Vancouver from the air: seaplane tours offering a bird’s eye view of wildlife and island living are a highlight of a trip to Canada’s Northwest
- Vancouver in British Columbia, Canada, is within easy reach of many offshore islands as well as myriad inland lakes and rivers
- Scheduled seaplane services, charters and tours are a great way to see the area’s natural beauty, sleepy villages and privately owned islands
Still several blocks away on the walk down to Vancouver’s harbour, you can hear the distant hum of highly tuned turboprops as seaplanes taxi out, then accelerate to unstick themselves from the water and take to the air.
Lines of the ungainly aircraft, which look like overgrown insects in clogs, are moored outside the smart modern terminal at the water’s edge, where check-in is brief and free of hassle, and there’s time to sit in a comfy chair with a free coffee and admire the panorama before a short walk along a quay to board.
“I’m ready at the ball,” radios the pilot, after a short taxi to a fluorescent buoy.

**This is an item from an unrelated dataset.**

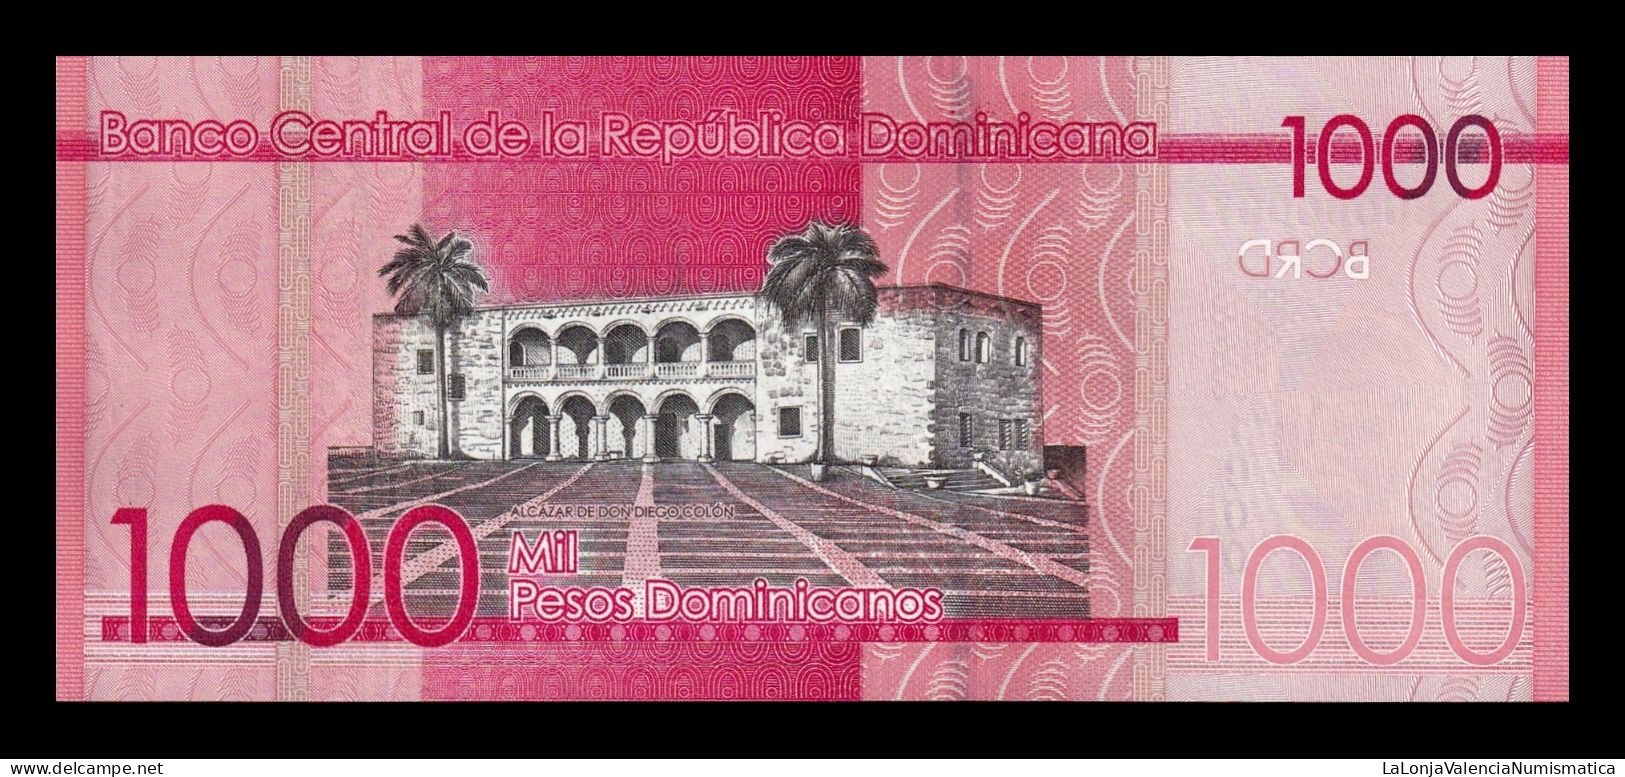 República Dominicana 1000 Pesos Dominicanos 2015 Pick 193b Low Serial 1001 Sc Unc - Dominicana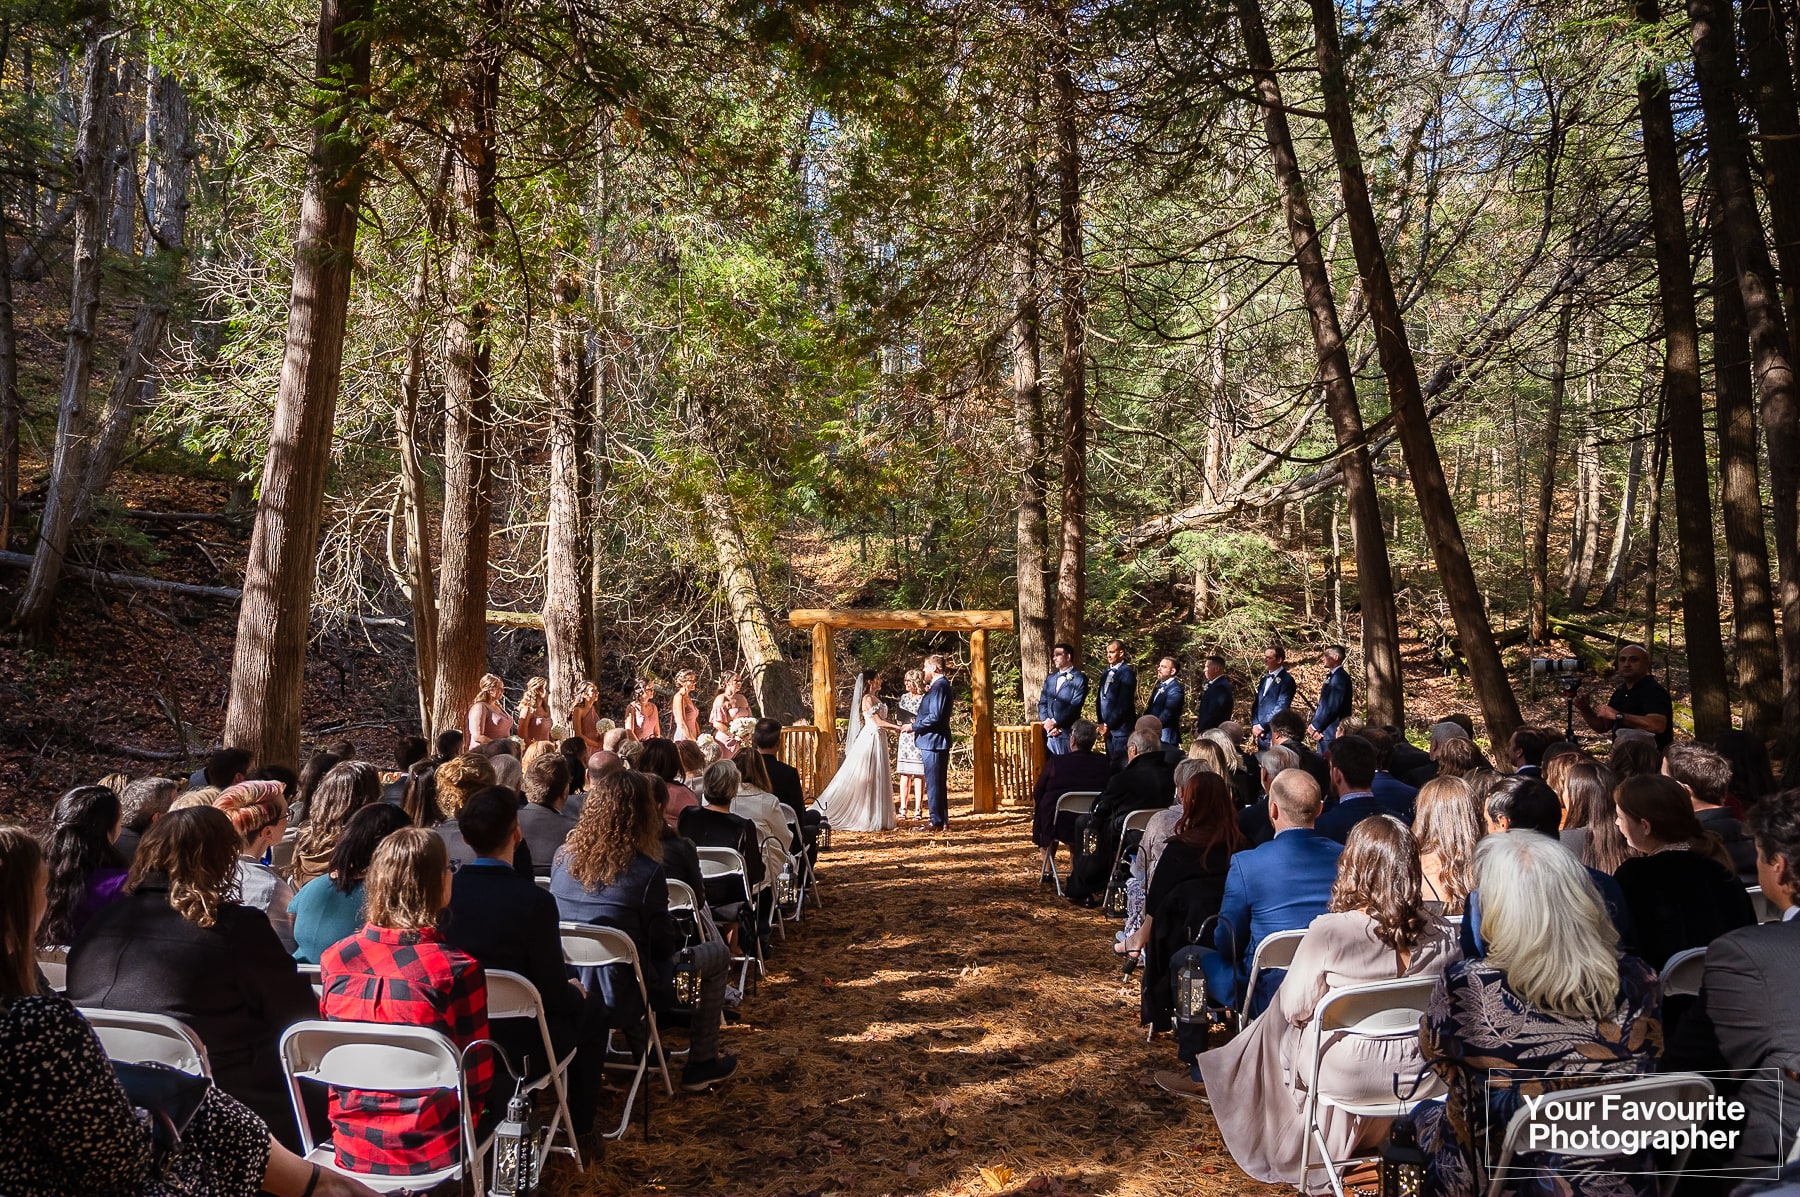 Autumn wedding photos at Ganaraska Forest

Then the engine noise climbs to a whine and the plane makes a short dash across the water before climbing over cranes and cruise ships, superyachts and sailing boats, for a drone’s-eye view of the cross-harbour Lion’s Gate suspension bridge connecting the leafy bulge of Stanley Park to the mountainous North Shore.
The highlight of a trip to Canada’s Pacific northwest is this opportunity to experience an antidote to the humdrum effortlessness of modern aviation, as well as to see the mountainous, island-strewn and fjord-riven coastline from the air – not from the high altitude of airliners, but from merely hundreds of feet up in a 14-passenger DHC-3 Turbine Otter seaplane, or something even smaller.
Vancouver’s harbour is abuzz all day with scheduled seaplane services to coastal hamlets and islands, and there are seaplane tours that range from a 20-minute circle over the city to whole-day expeditions to pretty spots with time for a picnic before returning.